- _Exercise details_: In the records below, find the line containing "Brésil Elopement Portrait" and the line containing "Мужские прямые джинсы"; please repeat exactly the lines from one to the other, both included, and nothing more.

- _Given data_:

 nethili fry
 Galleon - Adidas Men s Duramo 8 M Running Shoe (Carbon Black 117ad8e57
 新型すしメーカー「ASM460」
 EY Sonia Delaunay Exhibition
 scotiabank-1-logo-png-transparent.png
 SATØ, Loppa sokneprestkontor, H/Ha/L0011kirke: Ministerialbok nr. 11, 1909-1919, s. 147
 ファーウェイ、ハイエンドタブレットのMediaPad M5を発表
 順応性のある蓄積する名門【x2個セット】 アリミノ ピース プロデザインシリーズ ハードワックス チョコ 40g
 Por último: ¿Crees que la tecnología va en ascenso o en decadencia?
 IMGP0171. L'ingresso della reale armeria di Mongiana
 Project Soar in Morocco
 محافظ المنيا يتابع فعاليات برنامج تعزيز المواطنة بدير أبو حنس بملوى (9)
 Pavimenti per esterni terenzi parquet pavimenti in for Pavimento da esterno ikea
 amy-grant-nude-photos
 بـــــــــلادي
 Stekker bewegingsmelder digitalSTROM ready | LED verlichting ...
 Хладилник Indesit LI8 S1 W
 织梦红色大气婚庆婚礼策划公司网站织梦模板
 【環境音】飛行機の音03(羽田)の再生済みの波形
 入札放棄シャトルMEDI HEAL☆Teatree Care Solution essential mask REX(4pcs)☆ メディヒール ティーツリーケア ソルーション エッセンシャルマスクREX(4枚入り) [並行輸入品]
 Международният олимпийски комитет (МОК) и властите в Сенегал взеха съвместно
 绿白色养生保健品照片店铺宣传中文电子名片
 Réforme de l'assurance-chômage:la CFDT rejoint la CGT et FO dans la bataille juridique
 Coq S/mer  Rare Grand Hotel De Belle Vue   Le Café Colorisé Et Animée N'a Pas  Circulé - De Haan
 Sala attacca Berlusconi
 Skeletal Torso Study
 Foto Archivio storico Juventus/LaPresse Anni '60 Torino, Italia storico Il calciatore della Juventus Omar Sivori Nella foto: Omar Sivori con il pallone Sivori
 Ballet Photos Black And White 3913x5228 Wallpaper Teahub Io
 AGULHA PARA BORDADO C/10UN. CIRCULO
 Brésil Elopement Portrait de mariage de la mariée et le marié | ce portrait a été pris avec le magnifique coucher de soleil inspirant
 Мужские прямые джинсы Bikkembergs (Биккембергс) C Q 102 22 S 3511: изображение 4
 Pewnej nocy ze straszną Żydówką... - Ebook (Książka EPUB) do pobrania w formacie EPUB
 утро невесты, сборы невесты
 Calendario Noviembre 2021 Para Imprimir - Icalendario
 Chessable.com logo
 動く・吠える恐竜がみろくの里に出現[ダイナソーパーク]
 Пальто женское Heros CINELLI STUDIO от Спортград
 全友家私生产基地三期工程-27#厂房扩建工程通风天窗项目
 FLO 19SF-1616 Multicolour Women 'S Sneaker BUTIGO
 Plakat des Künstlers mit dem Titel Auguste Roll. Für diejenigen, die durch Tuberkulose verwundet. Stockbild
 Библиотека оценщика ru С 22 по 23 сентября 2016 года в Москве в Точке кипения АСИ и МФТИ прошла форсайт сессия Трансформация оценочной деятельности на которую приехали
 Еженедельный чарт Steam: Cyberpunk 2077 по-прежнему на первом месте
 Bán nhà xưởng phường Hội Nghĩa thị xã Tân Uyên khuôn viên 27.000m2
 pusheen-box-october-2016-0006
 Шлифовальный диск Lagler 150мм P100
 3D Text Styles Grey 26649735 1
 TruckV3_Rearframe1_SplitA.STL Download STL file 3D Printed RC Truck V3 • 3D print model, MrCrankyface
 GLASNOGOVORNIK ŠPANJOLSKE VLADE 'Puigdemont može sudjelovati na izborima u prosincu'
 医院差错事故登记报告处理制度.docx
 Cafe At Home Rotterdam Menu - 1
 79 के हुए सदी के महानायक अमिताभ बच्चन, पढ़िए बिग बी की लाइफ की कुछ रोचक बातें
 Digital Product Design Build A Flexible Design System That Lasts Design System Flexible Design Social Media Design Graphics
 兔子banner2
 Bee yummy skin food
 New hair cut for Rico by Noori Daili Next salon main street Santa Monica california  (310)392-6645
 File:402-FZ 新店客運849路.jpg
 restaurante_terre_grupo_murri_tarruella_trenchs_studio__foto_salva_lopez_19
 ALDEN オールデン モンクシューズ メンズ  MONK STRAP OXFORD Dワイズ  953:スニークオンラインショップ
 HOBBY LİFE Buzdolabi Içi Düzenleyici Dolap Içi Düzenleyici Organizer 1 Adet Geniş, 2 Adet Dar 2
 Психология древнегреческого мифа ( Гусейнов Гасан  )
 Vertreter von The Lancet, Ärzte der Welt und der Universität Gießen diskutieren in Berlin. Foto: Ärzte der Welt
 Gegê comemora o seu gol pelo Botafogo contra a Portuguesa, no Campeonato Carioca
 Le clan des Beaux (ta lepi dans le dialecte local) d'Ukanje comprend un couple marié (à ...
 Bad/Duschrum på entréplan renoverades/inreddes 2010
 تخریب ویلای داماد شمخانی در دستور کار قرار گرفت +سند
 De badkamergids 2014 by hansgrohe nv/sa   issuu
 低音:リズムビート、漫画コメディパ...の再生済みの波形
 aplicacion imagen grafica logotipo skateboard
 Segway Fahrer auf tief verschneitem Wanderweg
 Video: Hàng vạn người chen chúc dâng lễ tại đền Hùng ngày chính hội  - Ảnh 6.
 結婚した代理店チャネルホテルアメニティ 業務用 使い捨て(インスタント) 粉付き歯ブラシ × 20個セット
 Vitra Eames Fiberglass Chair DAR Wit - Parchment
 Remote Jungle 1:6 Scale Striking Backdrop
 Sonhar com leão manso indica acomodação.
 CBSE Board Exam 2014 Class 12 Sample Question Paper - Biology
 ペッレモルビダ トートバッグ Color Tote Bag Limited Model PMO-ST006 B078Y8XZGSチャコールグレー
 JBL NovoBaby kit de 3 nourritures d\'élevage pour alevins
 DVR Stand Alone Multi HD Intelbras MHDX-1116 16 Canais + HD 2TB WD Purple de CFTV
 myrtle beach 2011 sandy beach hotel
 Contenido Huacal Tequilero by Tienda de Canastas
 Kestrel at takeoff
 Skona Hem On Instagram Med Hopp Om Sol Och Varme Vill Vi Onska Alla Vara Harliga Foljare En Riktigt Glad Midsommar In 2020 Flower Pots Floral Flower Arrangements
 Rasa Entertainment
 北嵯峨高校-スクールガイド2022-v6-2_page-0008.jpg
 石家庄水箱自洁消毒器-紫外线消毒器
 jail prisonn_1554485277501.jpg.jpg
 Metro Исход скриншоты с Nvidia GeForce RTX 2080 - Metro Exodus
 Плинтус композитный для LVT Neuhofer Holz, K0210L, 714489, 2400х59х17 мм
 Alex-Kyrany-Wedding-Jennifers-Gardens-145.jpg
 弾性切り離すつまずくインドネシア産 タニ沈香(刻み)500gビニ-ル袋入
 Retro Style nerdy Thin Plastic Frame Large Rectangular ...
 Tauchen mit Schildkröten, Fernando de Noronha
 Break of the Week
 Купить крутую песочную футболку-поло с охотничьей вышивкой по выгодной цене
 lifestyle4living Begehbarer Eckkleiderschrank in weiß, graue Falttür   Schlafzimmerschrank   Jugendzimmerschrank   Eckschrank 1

- _Task answer_:
 Brésil Elopement Portrait de mariage de la mariée et le marié | ce portrait a été pris avec le magnifique coucher de soleil inspirant
 Мужские прямые джинсы Bikkembergs (Биккембергс) C Q 102 22 S 3511: изображение 4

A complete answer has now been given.